Burst Reach #42
there are simply too many things
Hi. November came and went. Most of what I’d had written for a draft of last month’s newsletter is no good now, but I still wanted to put words down and send SOMETHING out, so here we are, for better or worse.
When I was juggling so many things in October, there were so many other things that had to fall by the wayside. I thought I could play catch-up in November but that wasn’t the case. Try as I might, I cannot do everything. Which is frustrating because I WANT to be able to do everything: to work, to draw, to paint, to dance, to play a dumb trading card game, to watch the things I want to watch, and maybe go to the park and hike, or visit an art gallery, and instead I find myself sitting and feeling drained. My capacity for…so many things just isn’t what I want it to be, and finding a way to balance all of these things is itself draining.
My favorite line, from a song, from anything really, is:
“I’m haunted by the strains of human limitation”
It’s from, and this is going to sound so absurd, a 2005 song by the Christian metalcore band Norma Jean called Scientifiction: A Clot of Tragedy/A Swarm of Dedication. Typing all of that out makes me feel a little nuts, but it’s been true ever since I heard it in high school when a friend burned me a copy of the album it’s on, O’ God, the Aftermath, shortly after it came out.
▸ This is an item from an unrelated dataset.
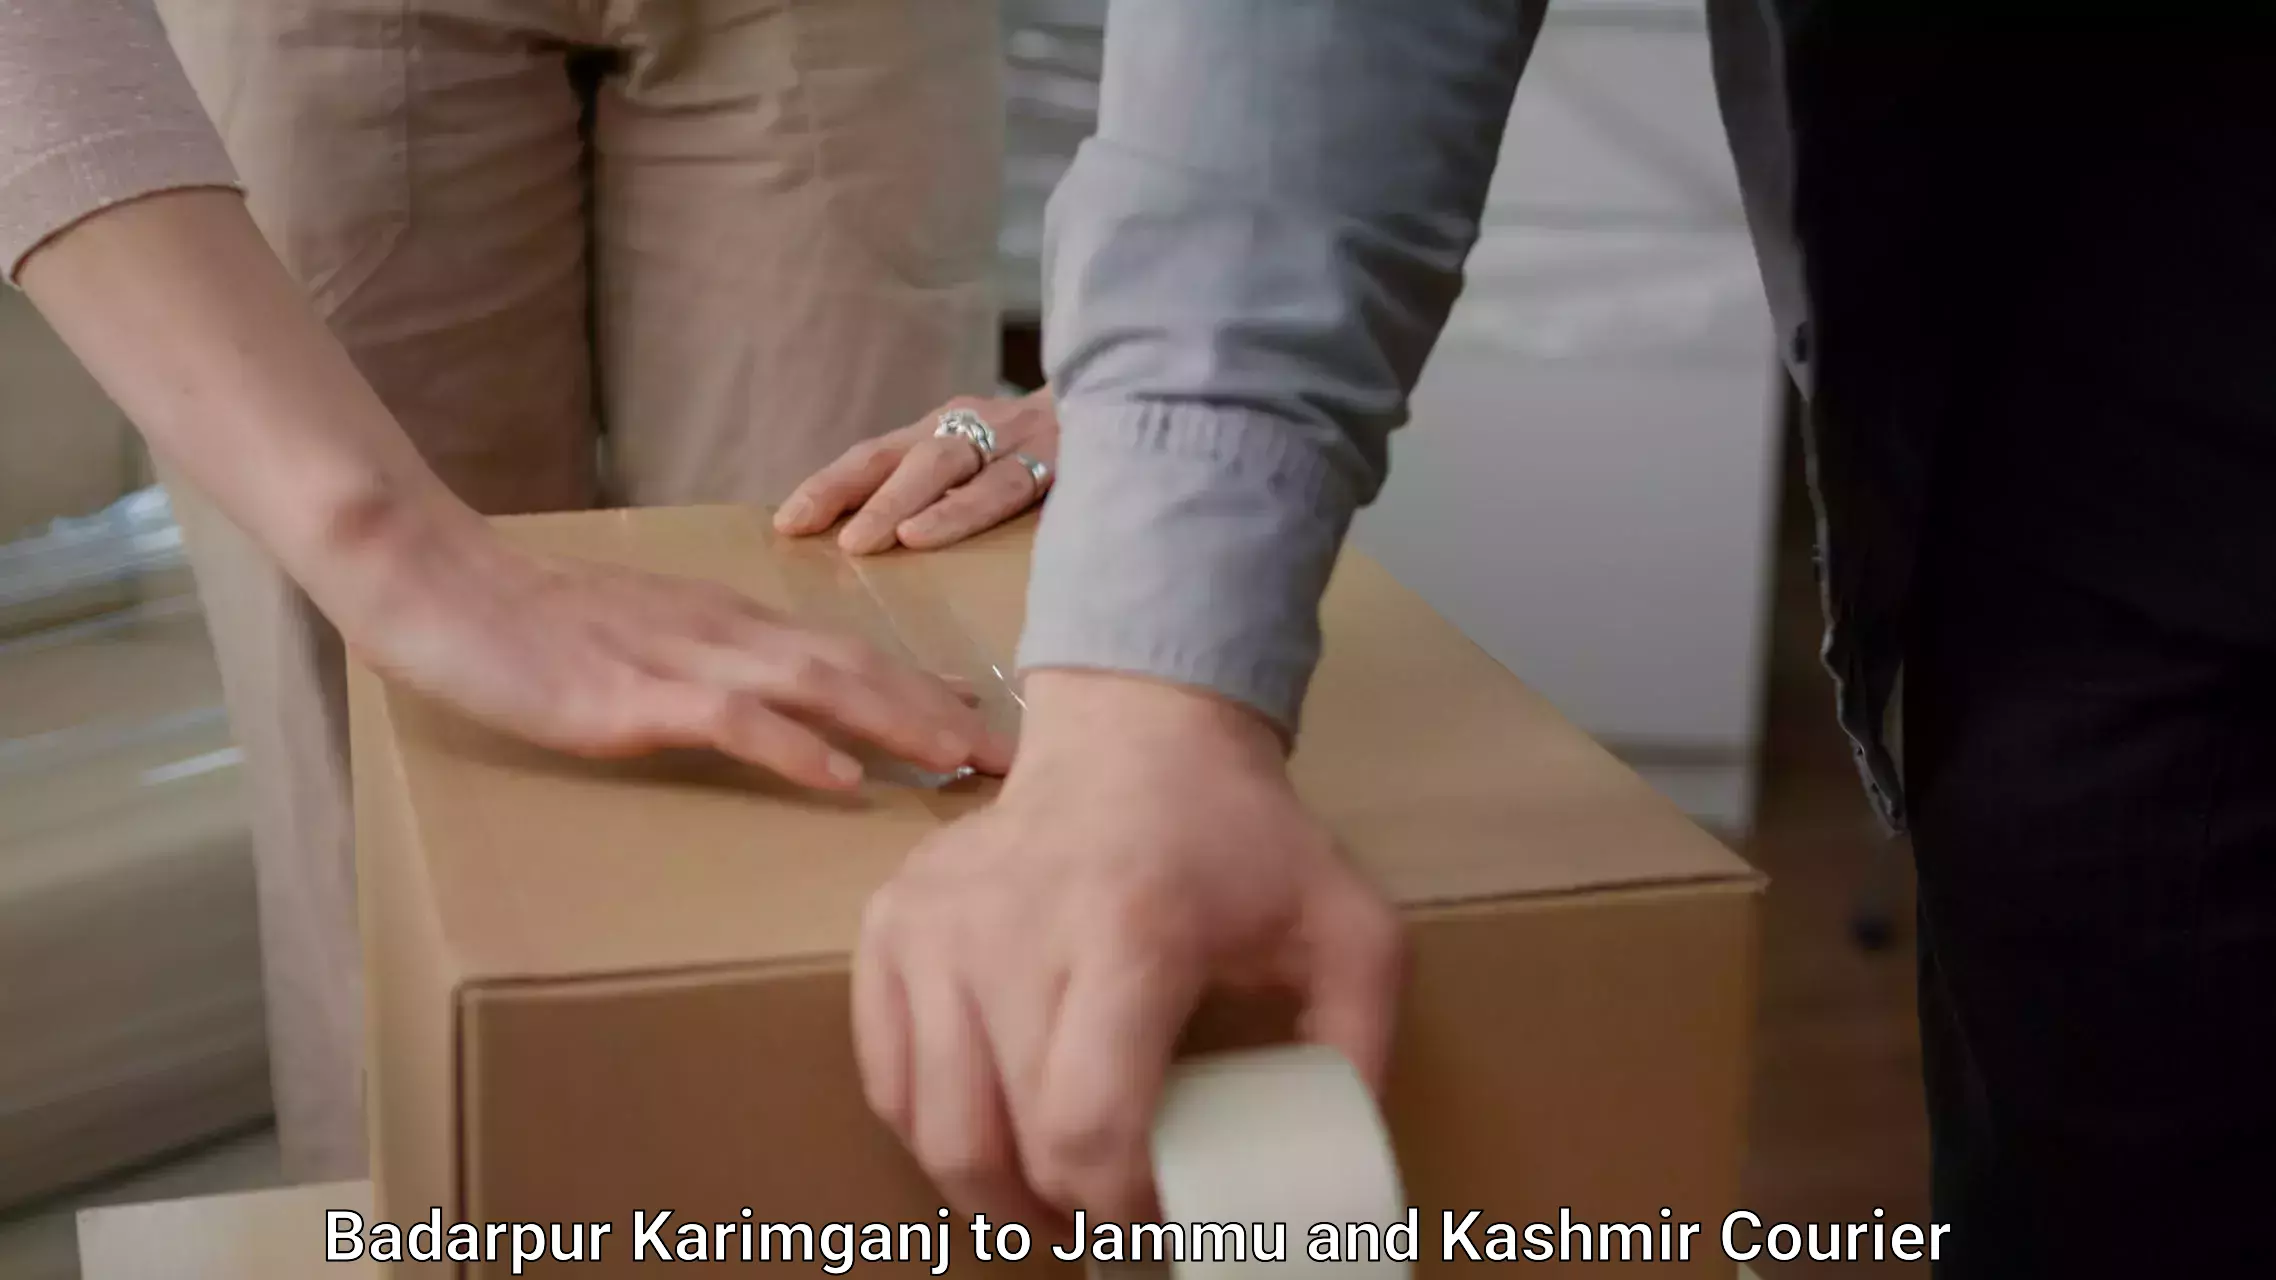 Specialized moving company Badarpur Karimganj to Jammu and Kashmir
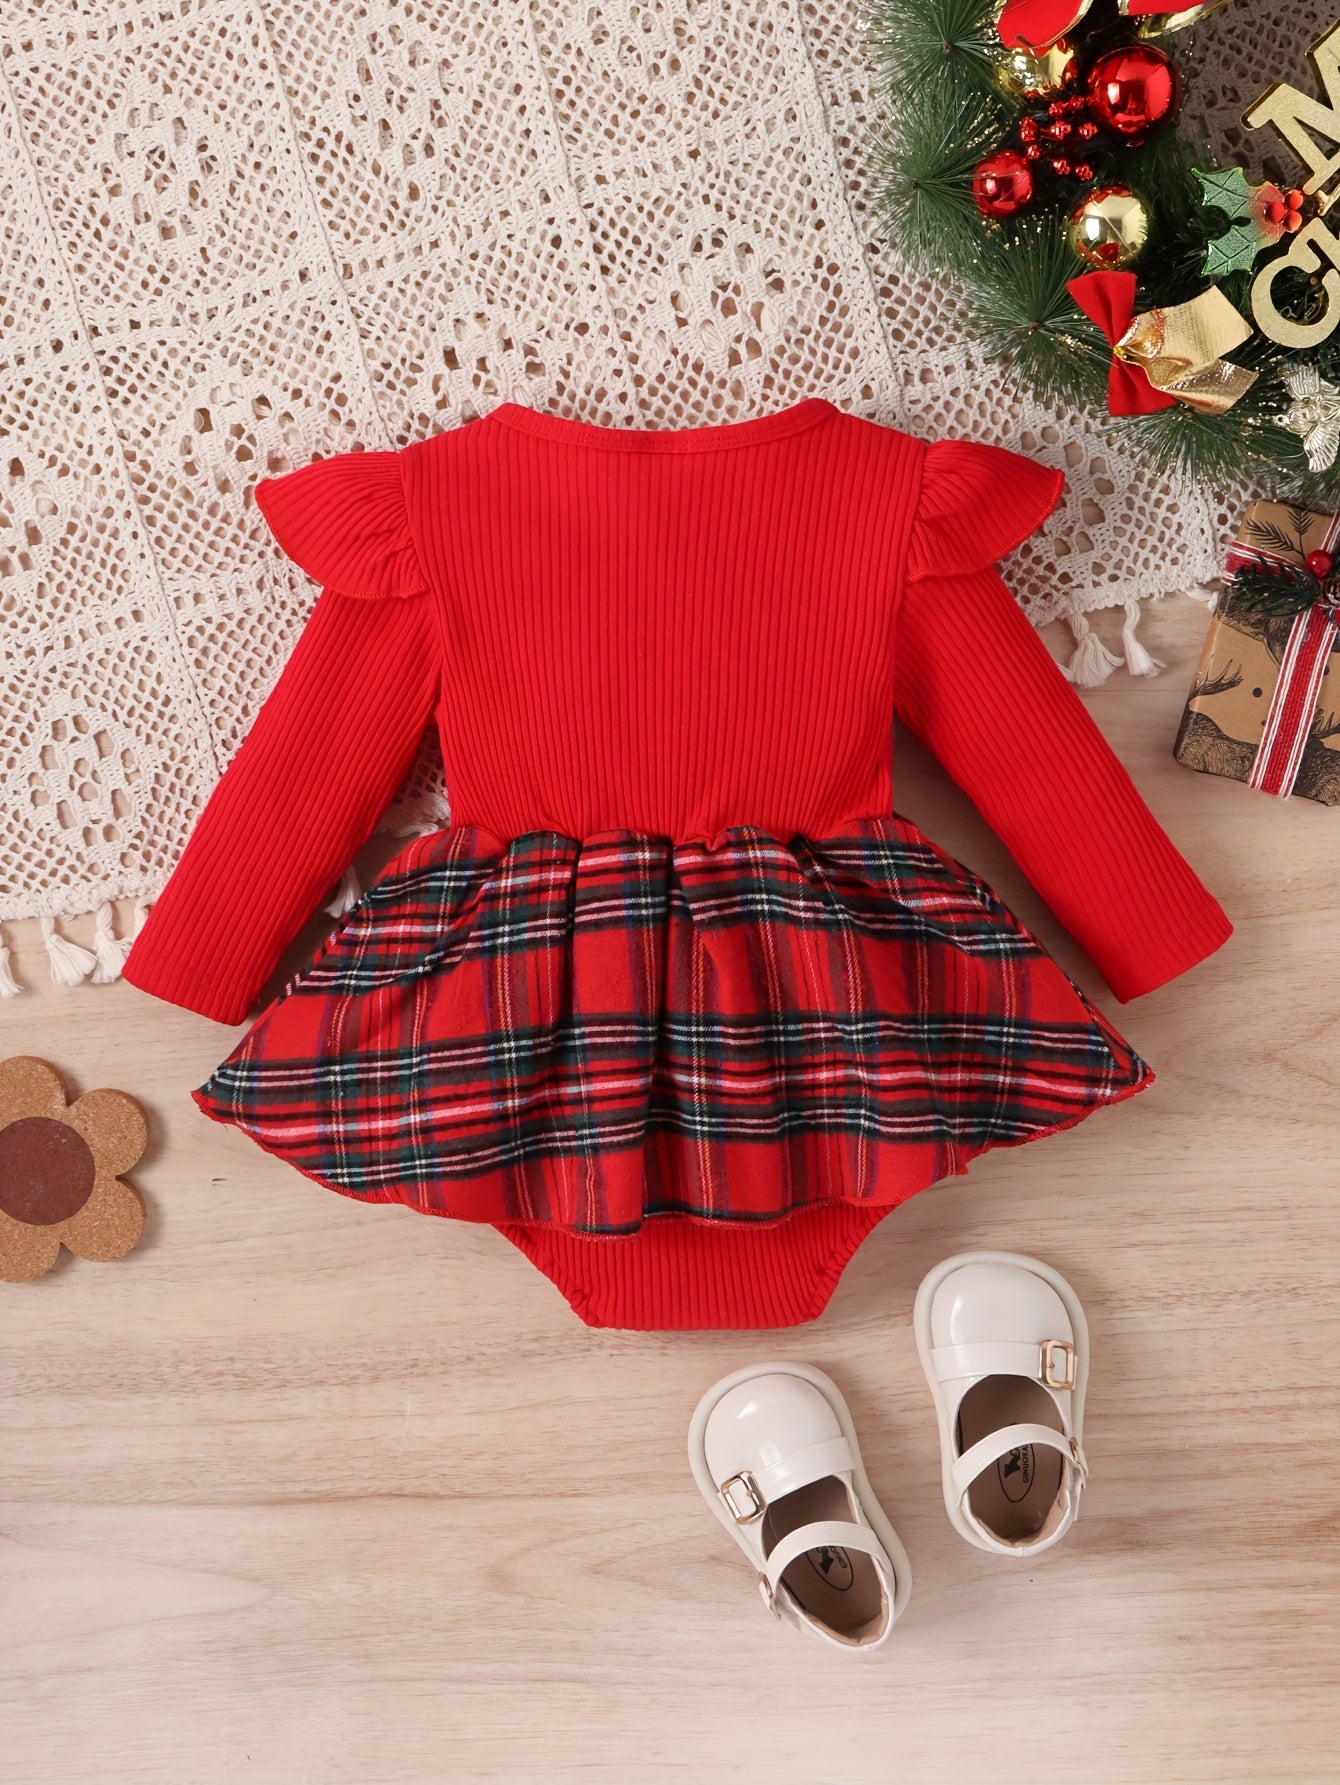 Baby Girls Cute Christmas Long-sleeved Plaid Dress Romper

I am always mad about my limitations, the things I am unable to do. I don’t know how to like…be comfortable with these boundaries.
Oh: that last newsletter about all the art for sale. I’m happy to report that I was able to sell enough work to cover more than half of the repair bill for my car! I made a better album of all the work for sale on Facebook, and need to work on one on my website too. I’m grateful to everyone who reached out and bought something!
I’ve also finished a couple commissions and have a couple more to do this month. I still feel like I’m drowning sometimes, especially with other bills to deal with, but still, it could be much worse.
Also, I have one more event this year, and it’s next Saturday’s Y’alliday market in Johnson City:
I am not terribly well prepared, but I’ll get there. I’m excited for it and think it’ll be good fun!
I’ve been stuck here for a day or two now and probably just need to hurry up and push this out to move on to other things, despite not really having any idea of what to end on. The holidays are a stressful and overwhelming time, so hang in there, yeah? Take care!